Context and background

Mr. Jinarajadasa provided these notes about this letter and the previous one:

The transcription of these two letters was discovered in 1931 in H.P. Blavatsky’s scrap-book, vol. VIII, for the year 1882. In the scrap-book there is pasted a cutting from The Indian Mirror of Calcutta, dated 2 May 1882. There is no mention of the names of the recipients, and therefore it is not now possible to say where the original letters are. But the two letters are embodied in an editorial of the paper, and the editor was the Indian patriot and leader, Norendro Nath Sen, a devoted member of the Society. In printing the letters, he says: ‘We shall, however, take this opportunity to record some more phenomena, which we witnessed while Madame Blavatsky and Colonel Olcott were staying in Calcutta.’[2]

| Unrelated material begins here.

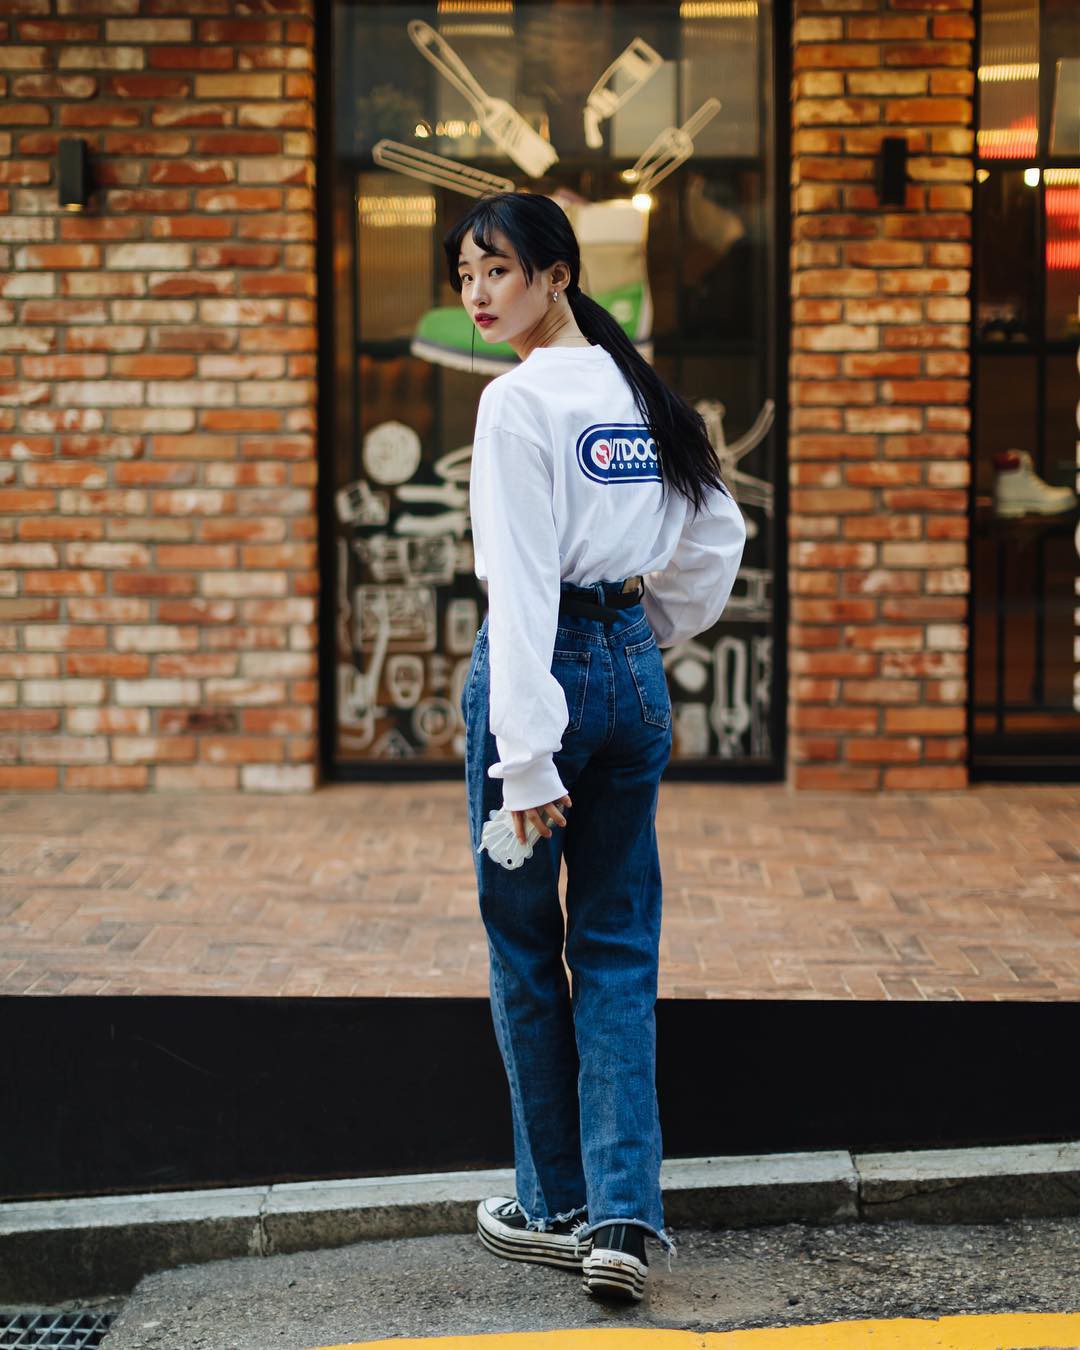 Street style không áo dạ, áo phao của giới trẻ Hàn tuần qua chính là gợi ý mix đồ tuyệt vời cho mùa đông không lạnh tại Hà Nội lúc này - Ảnh 3.

Physical description of letter

The original of this letter is not extant; it is printed in a cutting from The Indian Mirror within HPB's scrapbook volume VIII for May, 1882.

Publication history

This was first printed by Norendro Nath Sen in The Indian Mirror of Calcutta, dated May 2, 1882. It was not published in the early editions of Letters from the Masters of the Wisdom, First Series. It first appeared as Letter 43 in the 1945 edition, and was renamed as Letter 56 when the First Series was resequenced in 1988.

Commentary about this letter

The usual symbol of three dots in a triangle that represent M. is absent.

Additional resources

Notes

  1. C. Jinarajadasa, Letters from the Masters of the Wisdom, First Series (Adyar, Chennai, India: Theosophical Publishing House, 2011), 118, 170.
  2. C. Jinarajadasa, 170.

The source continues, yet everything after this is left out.